Empirically adjusted
The different parameters of the generation procedure (the sample sizes, in particular) have all been empirically adjusted to ensure good induction results using Blue-Fringe on the simplest problems (alphabet of size 2 with a learning sample sparsity of 100%) without breaking the cell.

Learn more about sample generation…


Once the test set for each problem has been downloaded, it is up to the competitor to establish whether each test string is accepted or rejected by their candidate machine for that problem. The competitor should produce a binary sequence of labels where, for each test string, a 1 is added to the sequence if the string is considered to be accepted, and a 0 otherwise:

0100100101101010001011010011100101... (up to the size of the test sample)

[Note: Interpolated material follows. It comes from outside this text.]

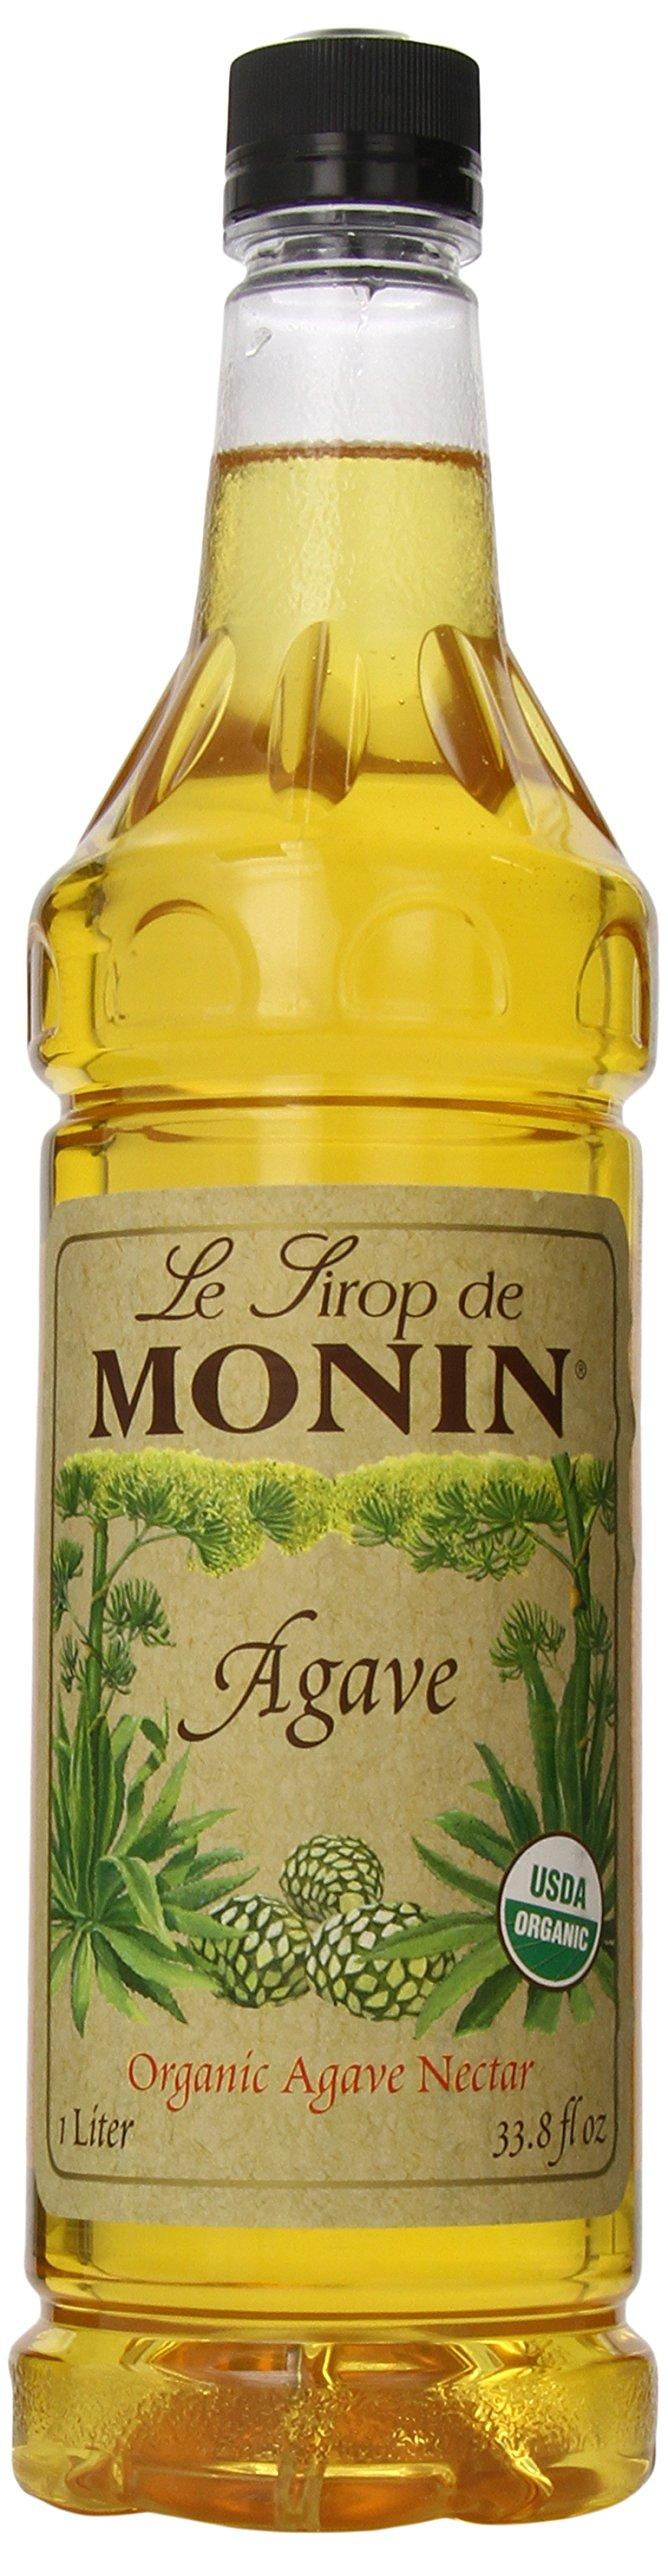 MONIN Agave Nectar Sweetner, 33.8-Ounce

The score is computed according to a Balanced Classification Rate (BCR) measure. The submitted binary sequence of labels is compared to the actual labels, and four sets are produced:

TP : True positives
TN : True negatives
FP : False positives
FN : False negatives

These figures are used to compute two numbers, Cplus and Cminus

Cplus  = TP / (TP + FN)
Cminus = TN / (TN + FP)

The BCR value is the harmonic mean between Cplus and Cminus and is defined as follows:

BCR = (2 * Cplus * Cminus) / (Cplus + Cminus)

A problem is deemed to be solved if the BCR value is greater than or equal to 0.99. A cell is deemed to be solved if all of its 5 problems are solved. Cells of the competition and participant result grids turn to green when solved.